The “hot” war of 2003 actually began in 2002 with increased air strikes during “NFZ patrols,” with the hope that Saddam would strike back and provoke “retaliation.” Michael Smith writes (June 23, 2005, London Sunday Times) that a recently released memo has British Defense Secretary, Geoff Hoon, confirm “that 'the U.S. had already begun “spikes of activity” to put pressure on the regime.'” NFZ bombing increased from virtually nothing in March-April 2002 to 54.6 tons in September. This was all part of the “Plan B,” developed in the event of a failure of “Plan A,” which Smith also detailed: “British officials hoped the [weapons inspections] ultimatum could be framed in words that would be so unacceptable to Hussein that he would reject it outright.” Another memo (see Los Angeles Times, June 15, 2005) confirmed that the British ambassador, Christopher Meyer, had “told [U.S. Deputy Defense Secretary] Wolfowitz that UN pressure and weapons inspections could be used to trip up Hussein.”
The recent revelation (Washington Post, August 3, 2005) of a 2002 finding signed by President Bush, creating a CIA-backed paramilitary force of Iraqi exiles (“the Scorpions”), trained at bases in Jordan and sent before the war to “cities such as Baghdad, Fallujah and Qaim to give the impression that a rebellion was underway and to conduct light sabotage,” completes a dishonest and despicable picture.
As Michael Smith put it, the real news isn't the famed “Downing Street Memo” but rather “the shady April 2002 deal to go to war, the cynical use of the UN to provide an excuse, and the secret, illegal air war [conducted] without the backing of Congress.”
CHAPTER
1
The Thirteen Years' War
………
Alexander Cockburn and Jeffrey St.
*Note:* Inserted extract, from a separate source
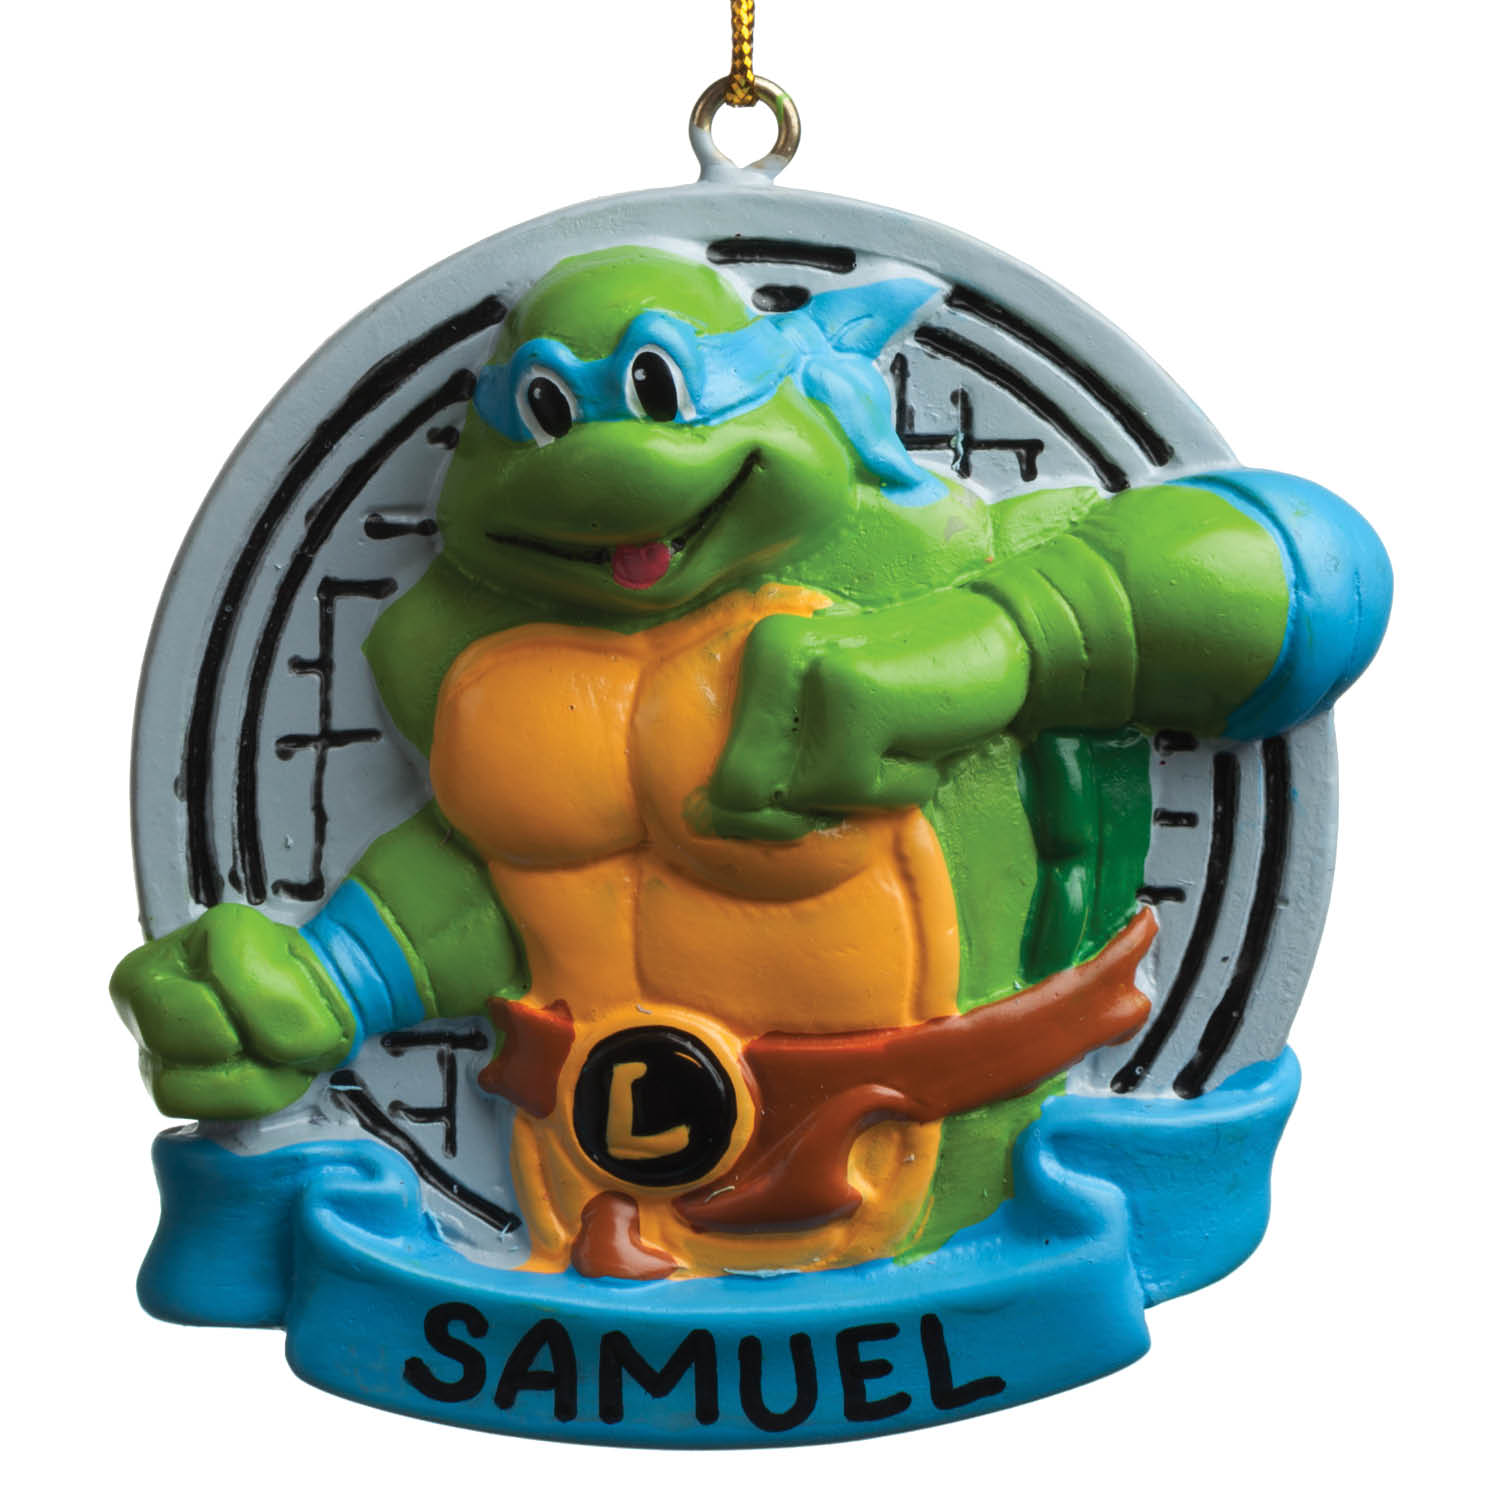 Teenage Mutant Ninja Turtle Ornament - Leonardo

Clair
THE “WAR,” OFFICIALLY designated by the U.S. government as such and inaugurated with the “decapitation” strike of March 19, 2003, was really only a change of tempo in the overall war on Iraq. It commenced with the sanctions imposed by the UN and by a separate U.S. blockade in August of 1990, stretching through the first “hot” attack of January 16, 1991, on through the next twelve years, 1990–2003: a long war, and a terrible one for the Iraqi people.
ONE
On April 3, 1991, the UN Security Council approved Resolution 687, the so-called mother of all resolutions, setting up the Sanctions Committee, dominated by the United States.
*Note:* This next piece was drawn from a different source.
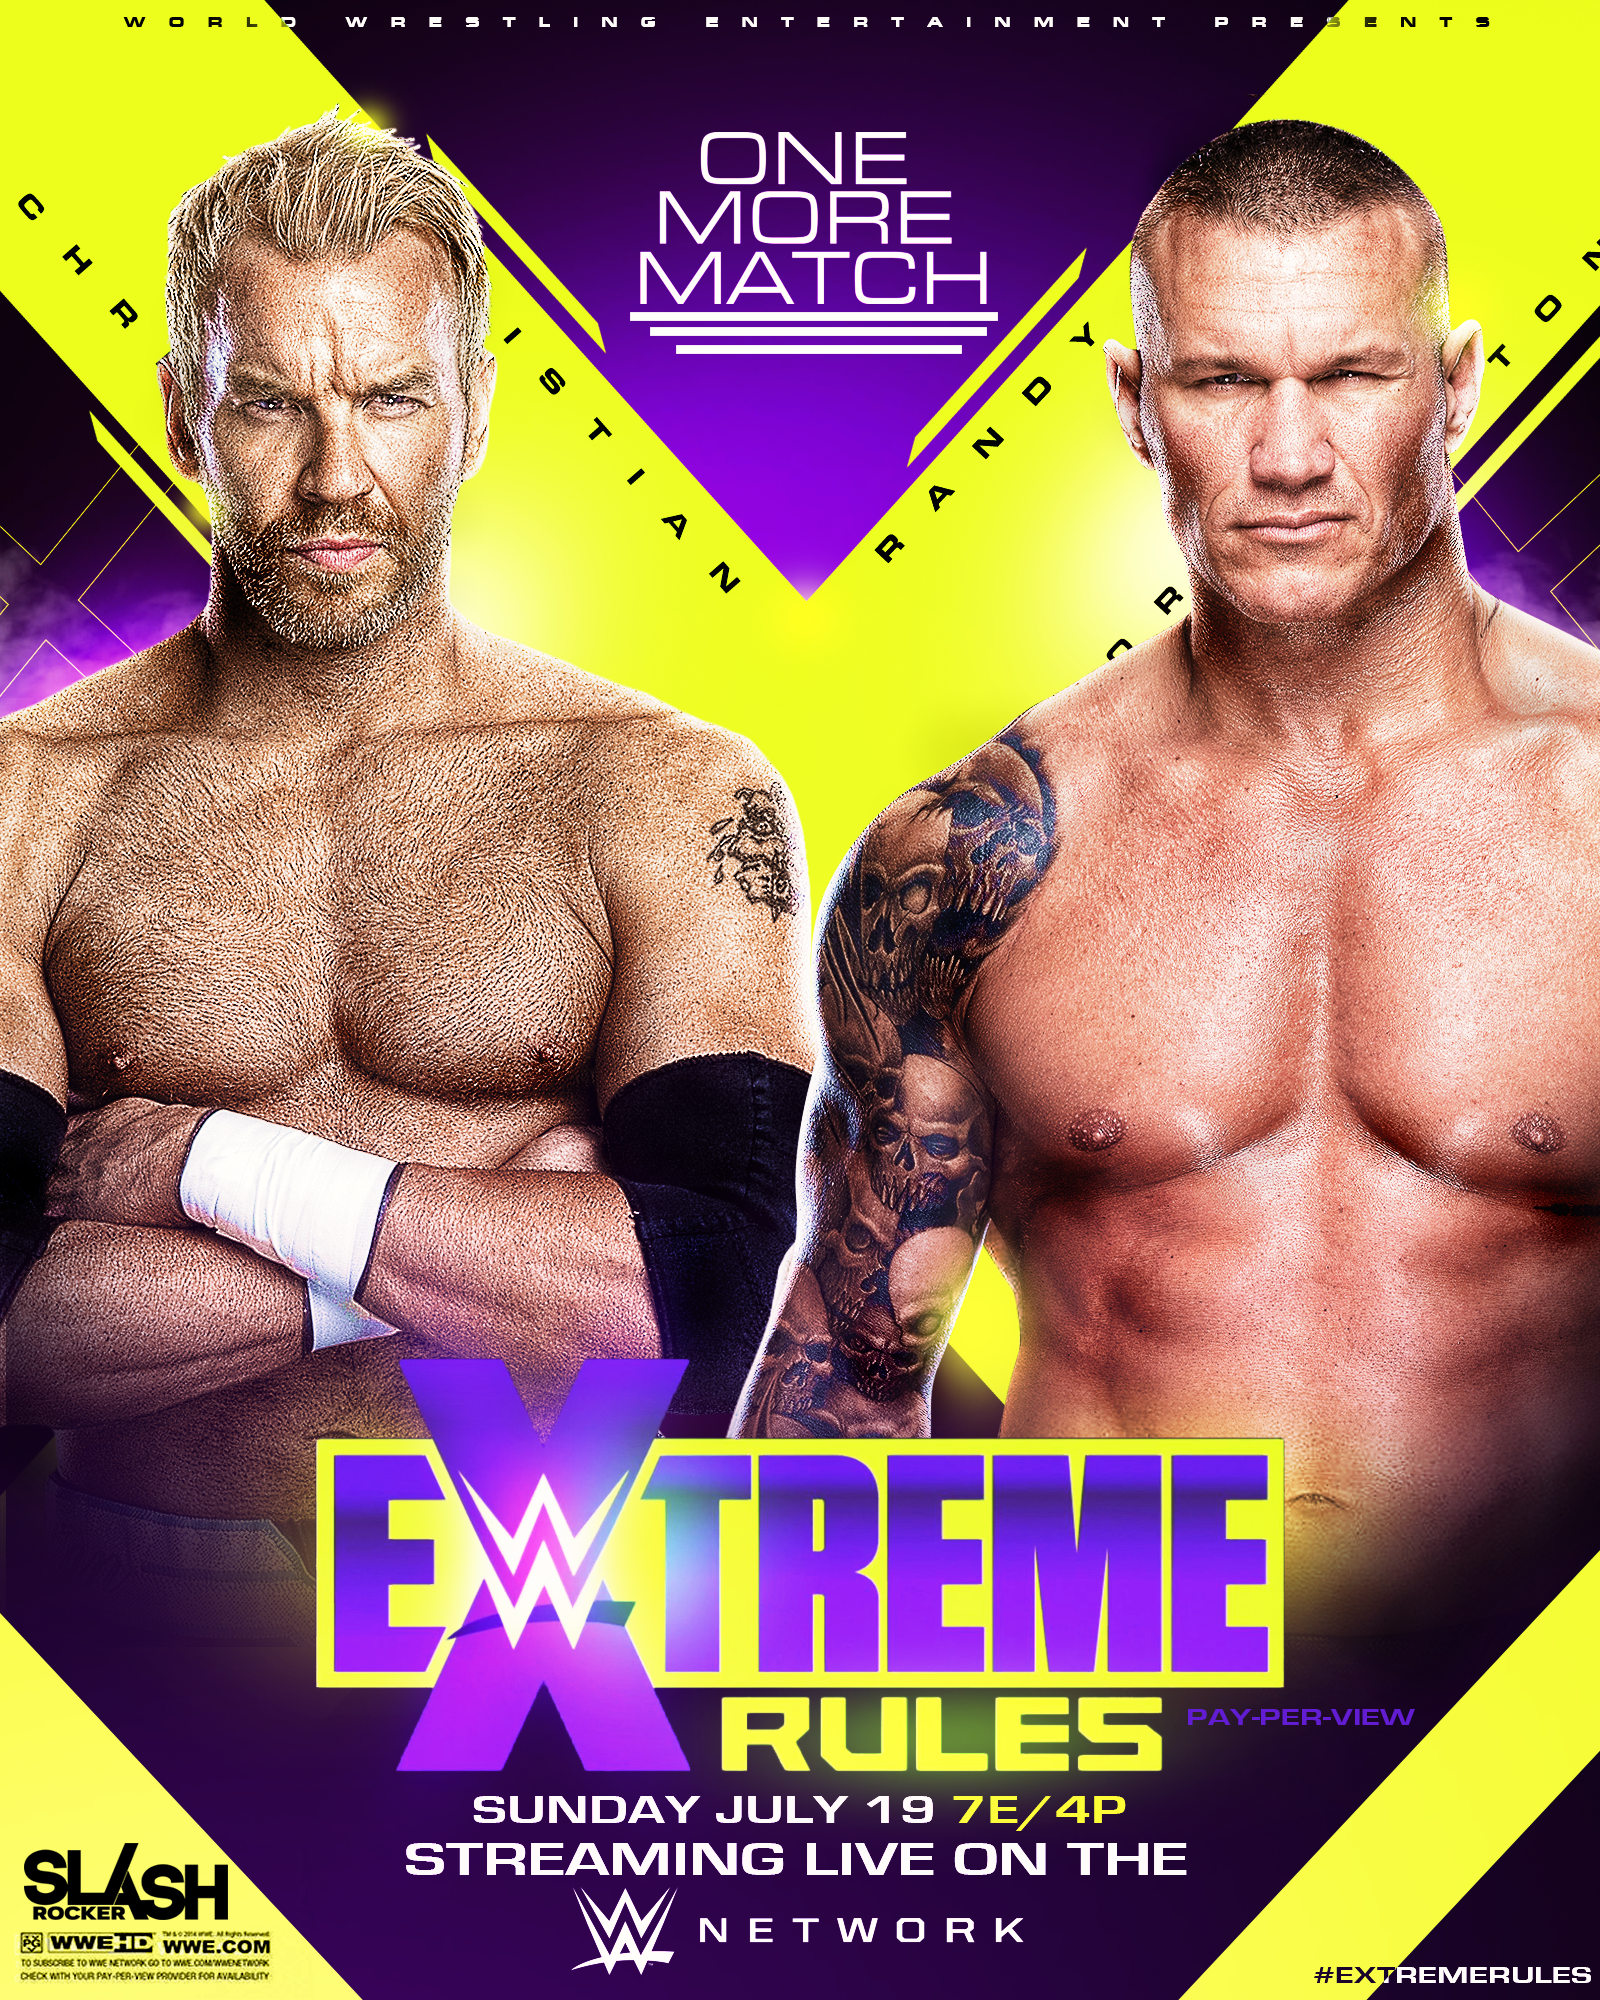 Extreme Rules Poster By Wweslashrocker54 On Deviantart

It is vital to understand that th
e first “hot” Gulf War was waged as much against the people of Iraq as against the Republican Guard. The U.S. and its allies destroyed Iraq's water, sewage and water-purification systems and its electrical grid. Nearly every bridge across the Tigris and Euphrates was demolished. They struck twenty-eight hospitals and destroyed thirty-eight schools. They hit all eight of Iraq's large hydropower dams. They attacked grain storage silos and irrigation systems.
Farmlands near Basra were inundated with saltwater as a result of allied attacks. More than 95 per cent of Iraq's poultry farms were destroyed, as were 3.3 million sheep and more than 2 million cows. The U.S. and its allies bombed textile plants, cement factories and oil refineries, pipelines and storage facilities, all of which contributed to an environmental and economic nightmare that continued nearly unabated over the twelve years.